Si l’on examine l’aspect éthique, rien de ce qu’est convenu d’un jugement moral ou immoral n’a de valeur absolue pour les adolescents et encore moins pour les adultes. Et pourtant ! Il est tout à fait possible qu’une partie d’entre eux (comme le montrent les compositions) considèrent comme un mal par exemple, l’activité de la cueillette, qu’eux-mêmes nomment « les dons de la forêt », d’où cette tendance à la « déviance », principalement chez les jeunes ayant terminé leur processus de scolarisation. En grand partie, la dégradation sanitaire que l’on observe chez les enfants-adolescents, peut être imputée aux difficultés qu’éprouvent les autorités à faire passer un message de prise de conscience : une éthique de la responsabilité dans les territoires contaminés.

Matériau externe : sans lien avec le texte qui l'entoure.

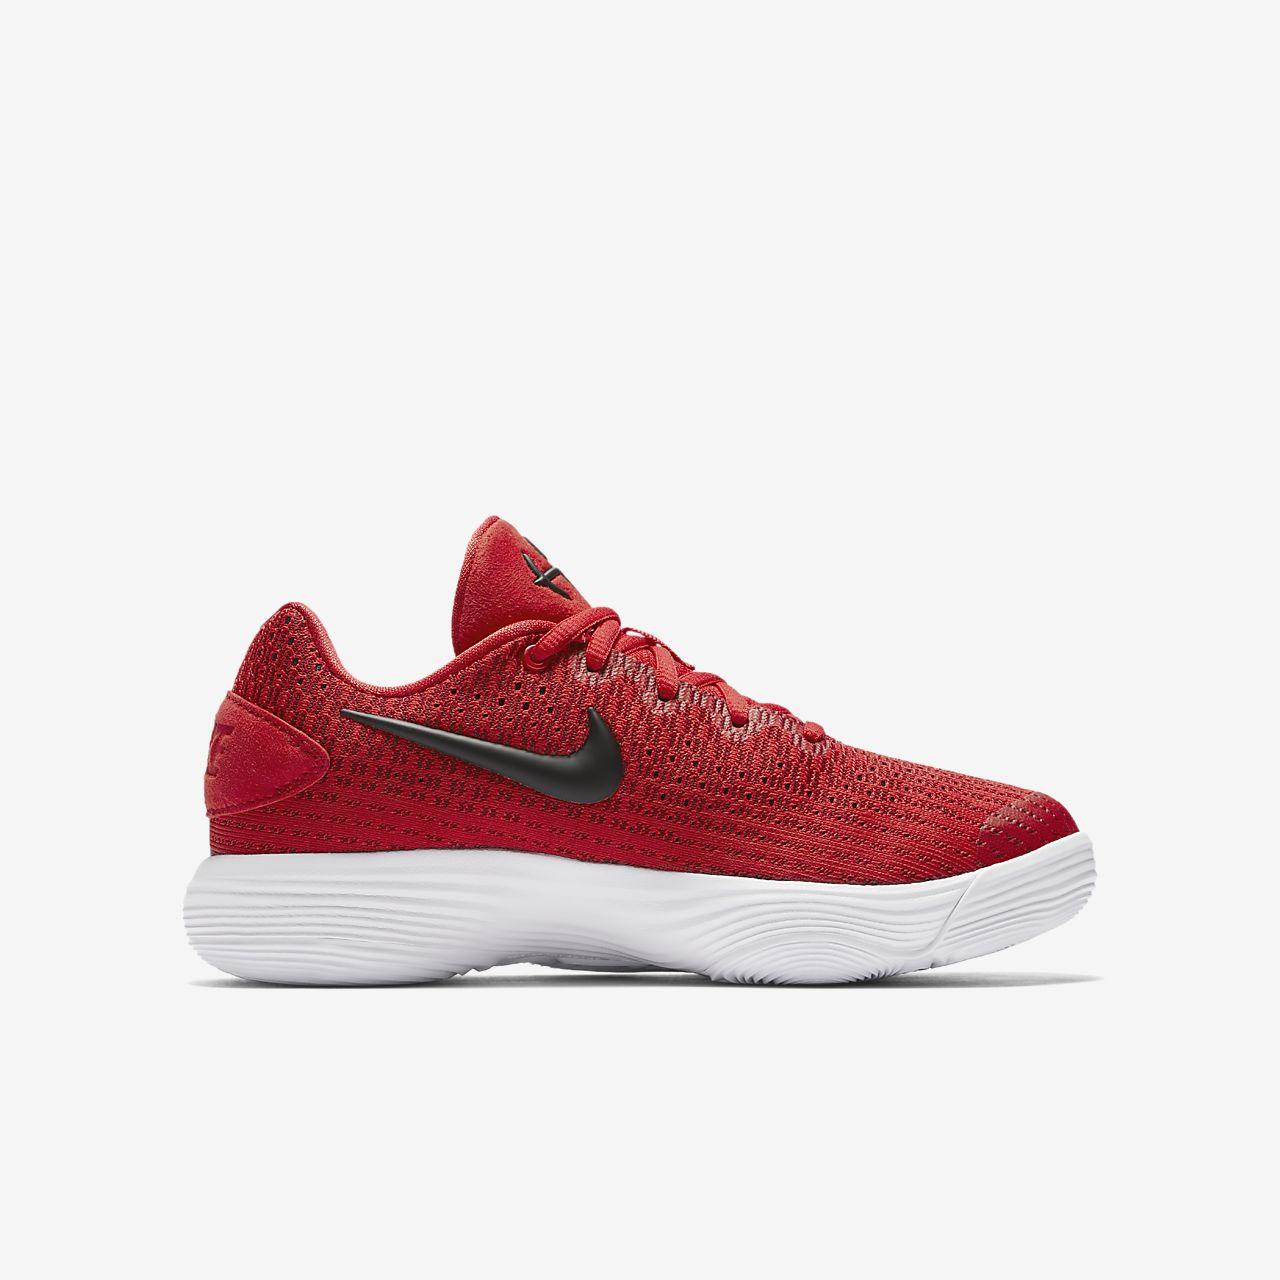 los angeles b52b0 e52fa hyper rev nike hyperdunk youth basketball shoes
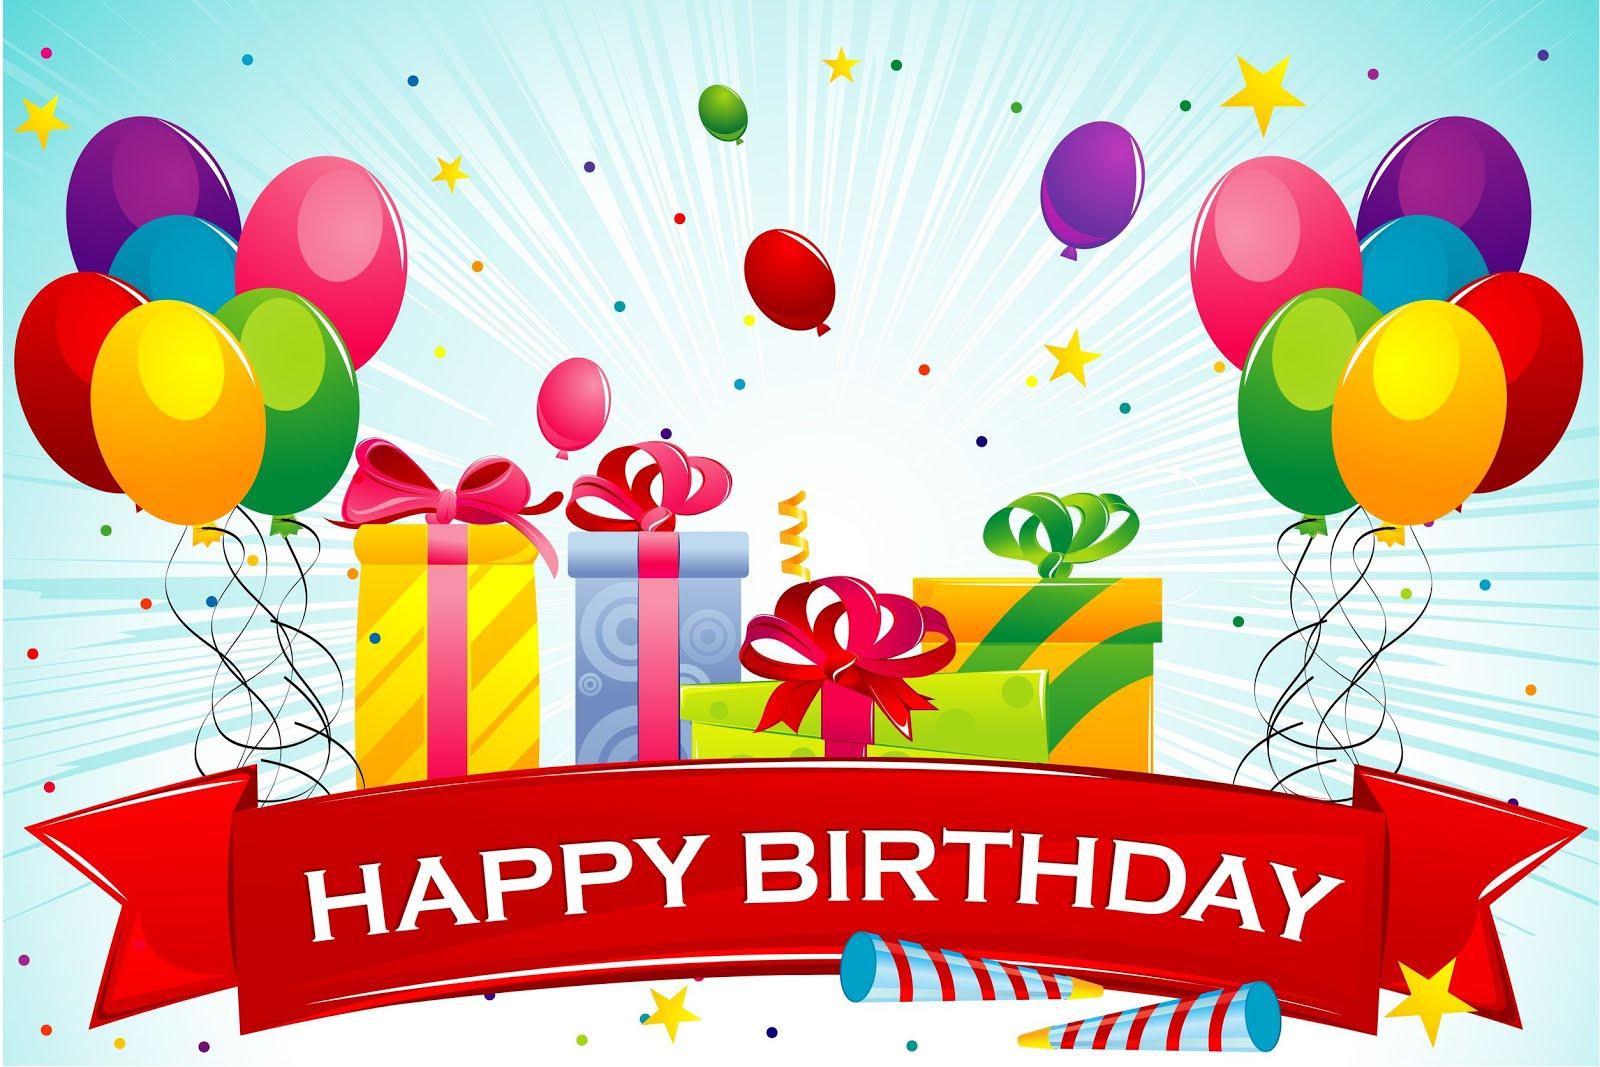 https://i1.wp.com/www.itsnotaboutme.tv/news/wp/wp-content/uploads/postal_de_cumplea_os_con_mensaje_happy_birthday_para_compartir.jpg

C’est dire qu’une éthique de la responsabilité est nécessaire pour vivre dans les territoires contaminés. Et cette éthique ne peut se construire que si l’on adhère à une pédagogie de la vie.

4. CONCLUSION

Ces résultats mettent en évidence les contradictions rencontrées par les responsables pédagogiques dans la mise en œuvre d’une scolarisation qui intègre le monde réel du risque de la contamination radiologique. Dans cette même perspective, on observe l’absence d’une prise de conscience, un rejet actif, voire la négation de normes de risque présumées trop contraignantes pour être acceptées… sans parler d’une réalité épidémiologique qui joue en faveur des incertitudes d’un monde vécu. Ceci ouvre la voie à des interrogations. Peut-on, par un simple désir pédagogique, éveiller la conscience et la responsabilité des enfants-adolescents ? Est-il possible de construire des savoirs qui s’adaptent à l’environnement par une démarche comportementale du « moi », c’est-à-dire dans un monde perceptif dans lequel ces jeunes se trouvent et s’adaptent ? Il est plus que jamais nécessaire d’aider les enfants, les adolescents et les jeunes à se construire leur monde perceptif de la contamination, afin d’arriver à une meilleure perception du risque et/ou des dangers de ce dernier.

BIBLIOGRAPHIE

Alfredo PENA-VEGA et al. (sous la direction de Hériard-Dubreuil), Chernobyl Post-Accident Management, Health Physics Journal, 1999, 77(4), 361-372.

Olivier REBOUL, Qu’est-ce qu’apprendre ? Pour une philosophie de l’enseignement, Paris : P.U.F., 7e édition, 1997.